Personally, I'd prefer if the AI models would start with a proof of their own statements. Time and again, SOTA frontier models told me: "Now you have 100% correct code ready for production in enterprise quality." Then I run it and it crashes. Or maybe the AI is just being tongue-in-cheek?

Point in case: I just wanted to give z.ai a try and buy some credits. I used Firefox with uBlock and the payment didn't go through. I tried again with Chrome and no adblock, but now there is an error: "Payment Failed: p.confirmCardPayment is not a function." The irony is, that this is certainly vibe-coded with z.ai which tries to sell me how good they are but then not being able to conclude the sale.

And we will get lots more of this in the future. LLMs are a fantastic new technology, but even more fantastically over-hyped.

becquerel 22 days ago
You get AIs to prove their code is correct in precisely the same ways you get humans to prove their code is correct. You make them demonstrate it through tests or evidence (screenshots, logs of successful runs).
- judahmeek 21 days ago
  
  Yes! Also, make sure to check those results yourself, dear reader, rather than ask the agent to summarize the results for you! ^^;
killerstorm 21 days ago

We should differentiate AI models from AI apps.
Models just generate text. Apps are supposed to make that text useful.
An app can run various kinds of verification. But would you pay an extra for that?
Nobody can make a text generator to output text which is 100% correct. That's just not a thing people can do now.

carbocation 22 days ago

The erdosproblems thread itself contains comments from Terence Tao: https://www.erdosproblems.com/forum/thread/281

redbluered 22 days ago

Has anyone verified this?

I've "solved" many math problems with LLMs, with LLMs giving full confidence in subtly or significantly incorrect solutions.

I'm very curious here. The Open AI memory orders and claims about capacity limits restricting access to better models are interesting too.

bpodgursky 22 days ago
Terence Tao gave it the thumbs up. I don't think you're going to do better than that.
- bparsons 22 days ago
  
  It's already been walked back.
  
  1 reply →

sequin 22 days ago

FWIW, I just gave Deepseek the same prompt and it solved it too (much faster than the 41m of ChatGPT). I then gave both proofs to Opus and it confirmed their equivalence.

The answer is yes. Assume, for the sake of contradiction, that there exists an $\epsilon > 0$ such that for every $k$, there exists a choice of congruence classes $a_1^{(k)}, \dots, a_k^{(k)}$ for which the set of integers not covered by the first $k$ congruences has density at least $\epsilon$.

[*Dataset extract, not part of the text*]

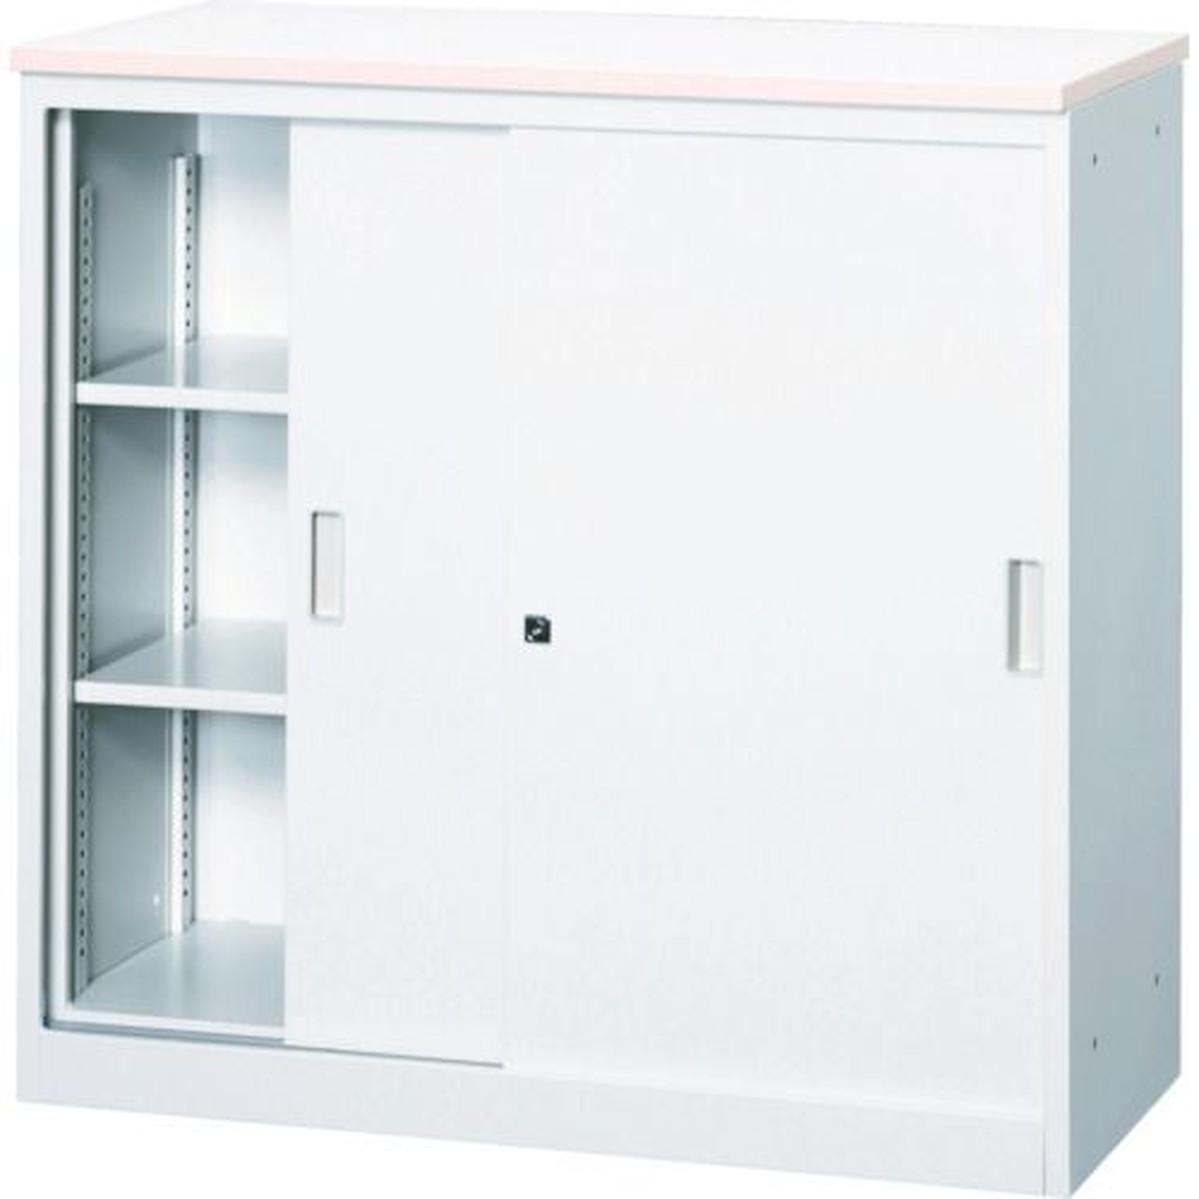 最適な価格 TRUSCO CVAカウンター TRUSCO W1800書庫型ハイカウンター 1台, 刺繍半襟 ひめ吉:ff5a16cd --- annhanco.com

For each $k$, let $F_k$ be the set of all infinite sequences of residues $(a_i)_{i=1}^\infty$ such that the uncovered set from the first $k$ congruences has density at least $\epsilon$. Each $F_k$ is nonempty (by assumption) and closed in the product topology (since it depends only on the first $k$ coordinates). Moreover, $F_{k+1} \subseteq F_k$ because adding a congruence can only reduce the uncovered set. By the compactness of the product of finite sets, $\bigcap_{k \ge 1} F_k$ is nonempty.

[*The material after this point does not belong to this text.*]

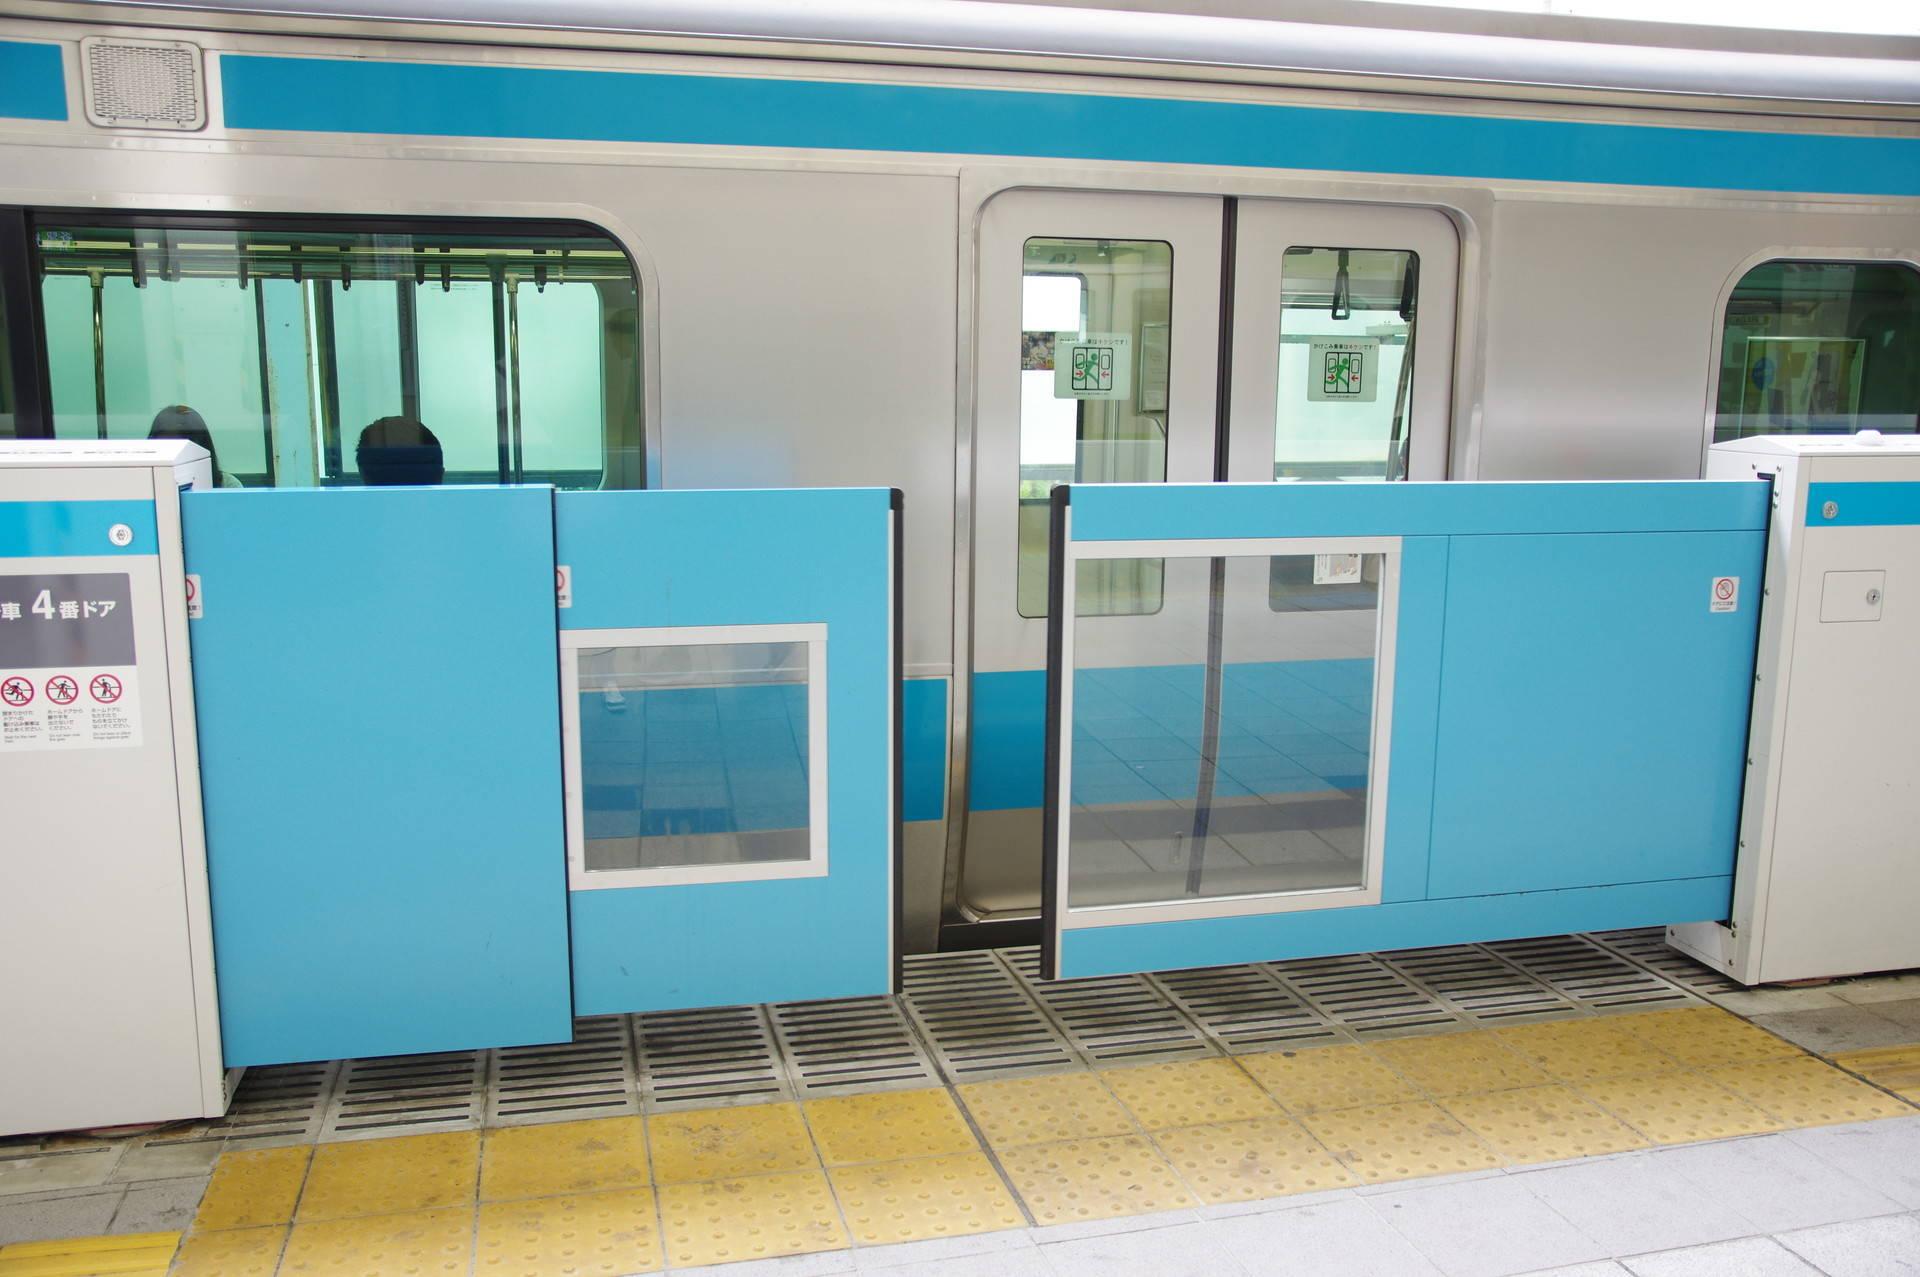 開閉中の多段式ホームドアと、京浜東北線のドア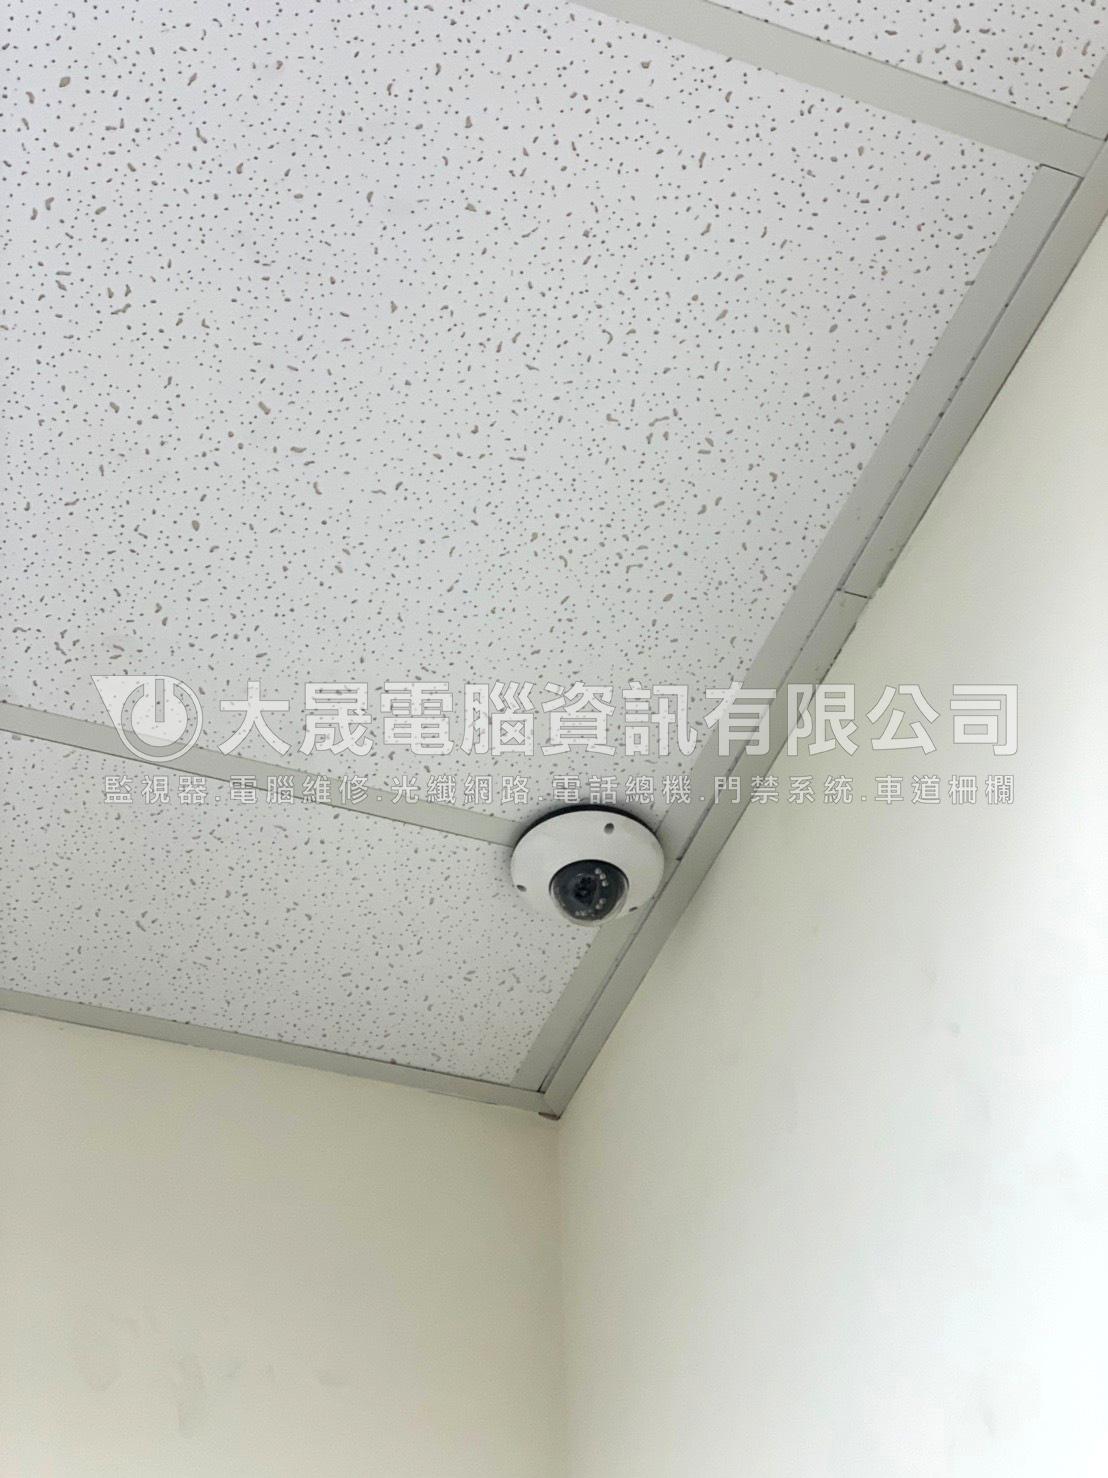 監視器、托嬰中心、辦公室監視攝影機

Choose an infinite sequence $(a_i) \in \bigcap_{k \ge 1} F_k$. For this sequence, let $U_k$ be the set of integers not covered by the first $k$ congruences, and let $d_k$ be the density of $U_k$. Then $d_k \ge \epsilon$ for all $k$. Since $U_{k+1} \subseteq U_k$, the sets $U_k$ are decreasing and periodic, and their intersection $U = \bigcap_{k \ge 1} U_k$ has density $d = \lim_{k \to \infty} d_k \ge \epsilon$. However, by hypothesis, for any choice of residues, the uncovered set has density $0$, a contradiction.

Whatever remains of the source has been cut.